Authorities yet to clear roadblock to start Ring Road expansionOfficials say obstruction at Swayambhu and land acquisition dispute at Maharajgunj have obstructed the second phase of road expansion work.
The second phase of Ring Road expansion work is still undecided as the government has yet to resolve the dispute concerning a roadside shrine at Swayambhu and acquire properties along the 8.2 km road from Kalanki to Maharajgunj to start the project.
In December 2019, the Department of Roads had said that the road expansion work would start from early 2020. A year later, the project is still in limbo.

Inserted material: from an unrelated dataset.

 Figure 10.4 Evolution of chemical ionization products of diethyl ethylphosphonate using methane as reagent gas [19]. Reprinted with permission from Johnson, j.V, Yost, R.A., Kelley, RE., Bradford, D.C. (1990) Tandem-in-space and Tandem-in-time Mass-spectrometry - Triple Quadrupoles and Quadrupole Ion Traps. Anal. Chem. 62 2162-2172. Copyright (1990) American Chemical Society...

The dispute at Swayambhu and land acquisition issue at Maharajgunj have stymied the project despite the Ministry of Physical Infrastructure and Transport on October 11 last year directing the authorities to start the road clearance work to make way for the project.
Last October, a meeting chaired by Minister of Physical Infrastructure and Transport Basanta Kumar Nembang had directed the Department of Roads and Kathmandu Metropolitan City to remove the electricity poles and trees along the road as well as relocate the high voltage transmission line between Karkhana Chowk and Sano Bhyrang.

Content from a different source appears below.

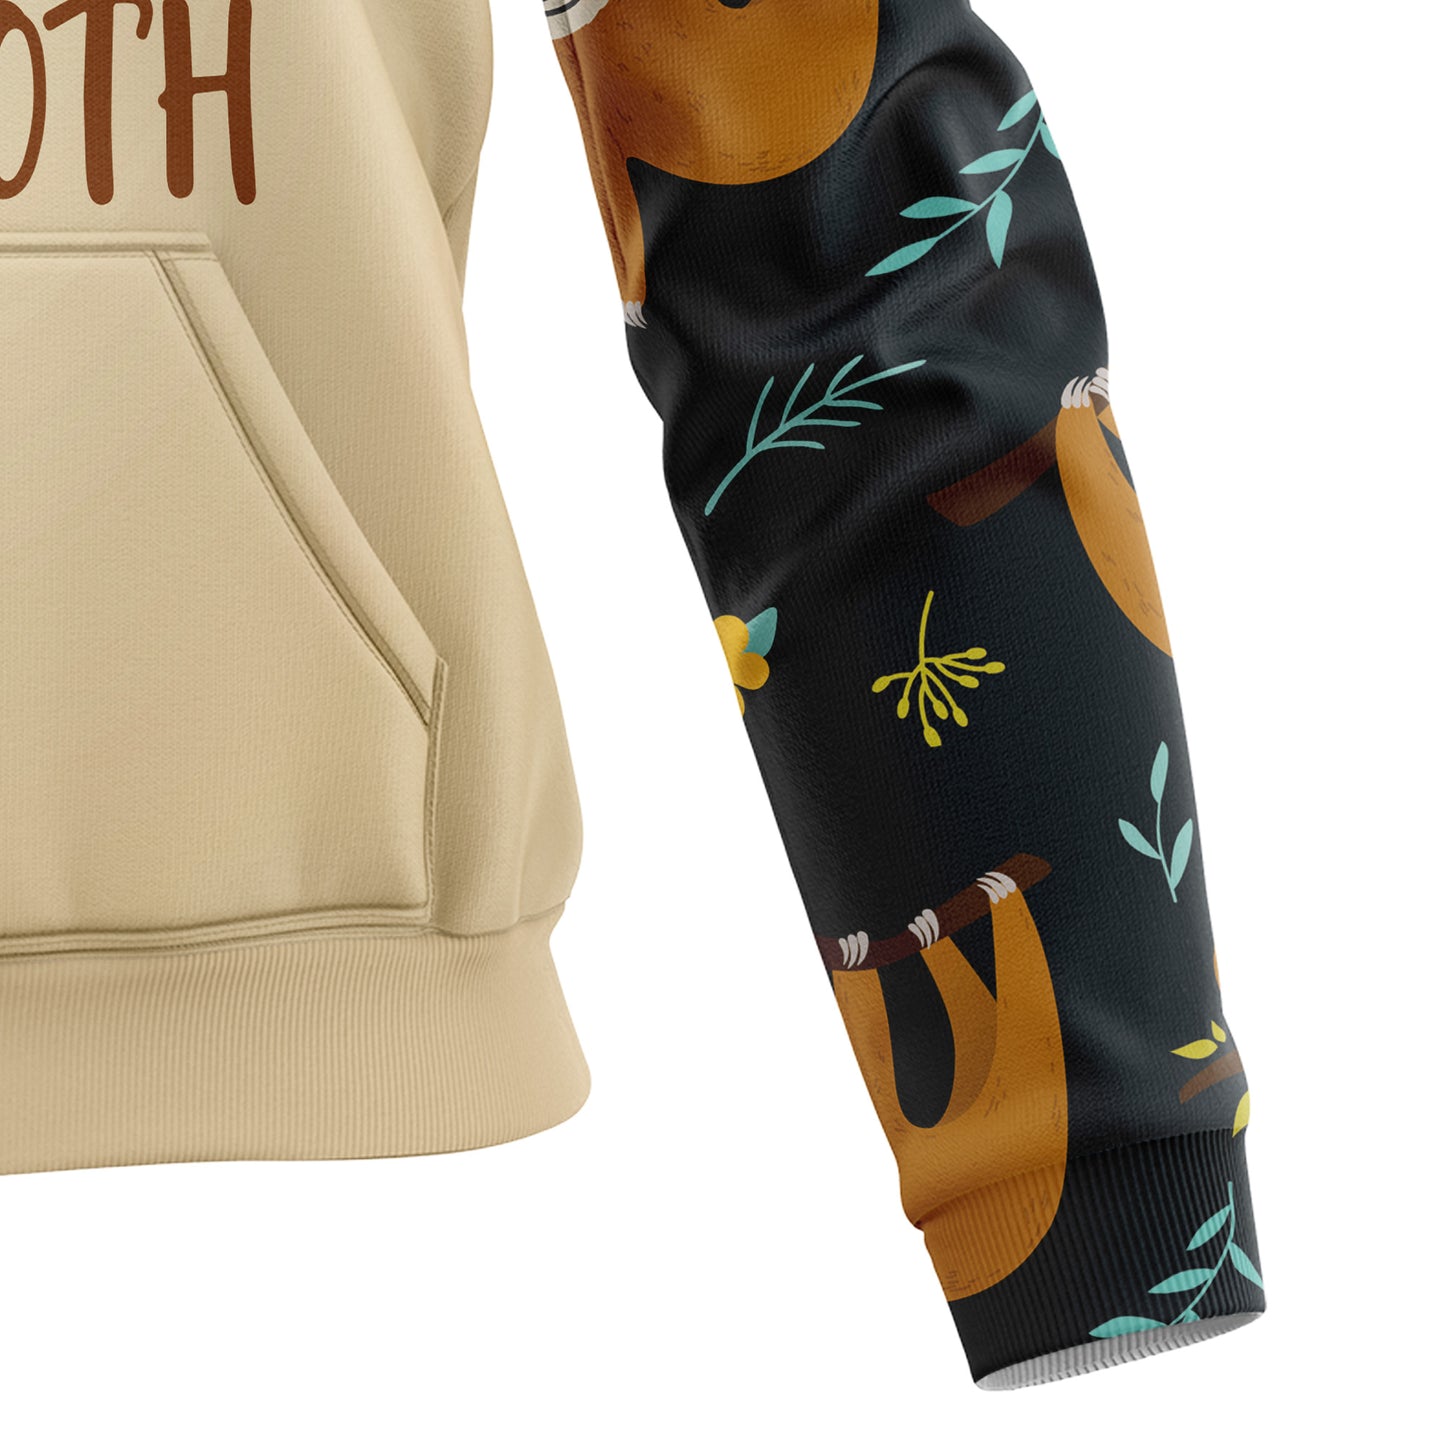 Amazing Sloth HT06809 All Over Print Unisex Hoodie

The minister had also directed the department and the city office to remove the Chaitya (shrine) and the idols of Buddha in front of Swayambhu Park and compensate the landowners whose properties fall on the proposed road expansion site.
However, the road clearance and land acquisition work could not move forward after the plan to remove the Chaitya was opposed by local residents and the Buddhist community of Swayambhu.

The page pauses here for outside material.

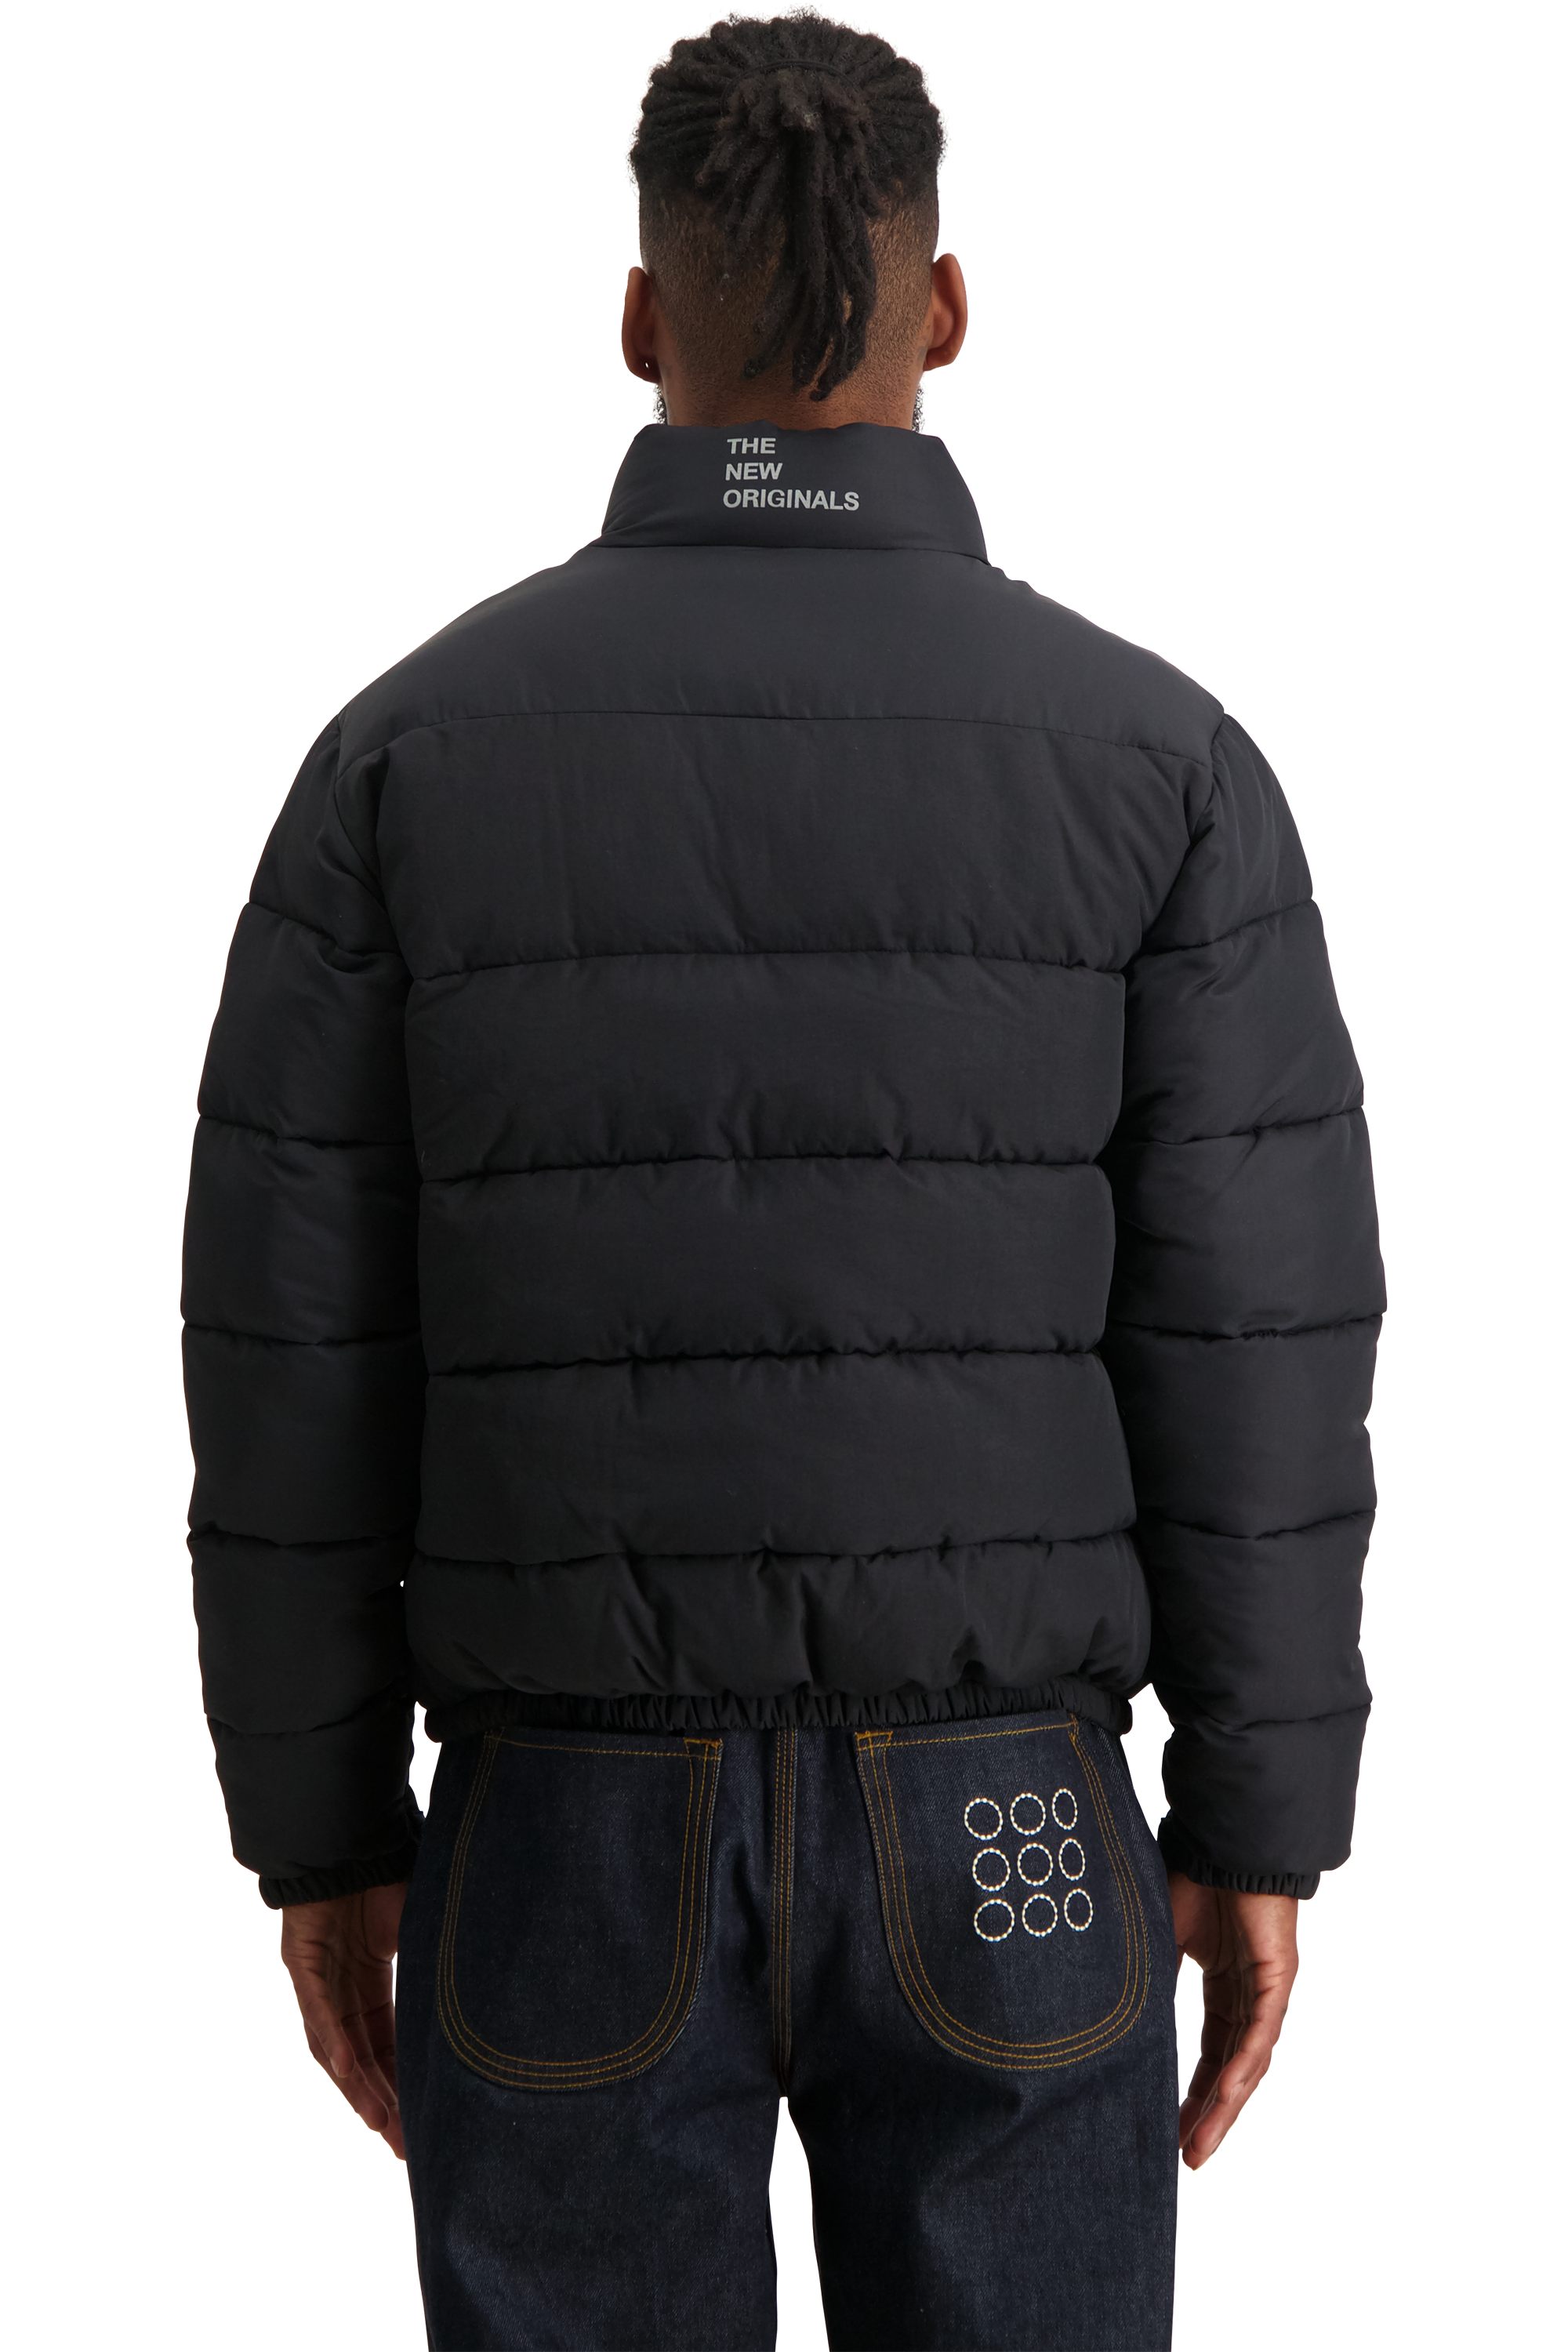 products-ninedotscloudpufferjacket_detail_tiff_2-png

Following the opposition, Minister Nembang had withdrawn the plan to remove the 1,000 Buddha idols.
“The ministry only rolled back its decision after over 4,000 Buddhist people associated with over 40 instutaions took to the street in protest,” said Sunil Gurung, chairperson of Manang Samaj Samiti, an organisation spearheading the campaign to preserve the Chaitya and the Buddha idols at Swayambhu, a UNESCO World Heritage site.
Last year, the Samiti in association with other institutions had collected 1,500 signatures to save the shrine and submitted it to the Kathmandu Metropolitan City, the Department of Roads, the Department of Archaeology, the Ministry of Infrastructure and the Prime Minister’s Office.
The Buddhist community has also raised the issue of hundreds of Buddhist faithful who performed morning quora (circumambulation) of Swayambhu stupa.
They say things could get much worse after the road expansion takes place, as the road is dangerous for elderly people due to lack of proper infrastructure.
“We are not against development, but why is the government not exploring other alternatives to preserve the heritage and infrastructure that took years to build,” said Gurung.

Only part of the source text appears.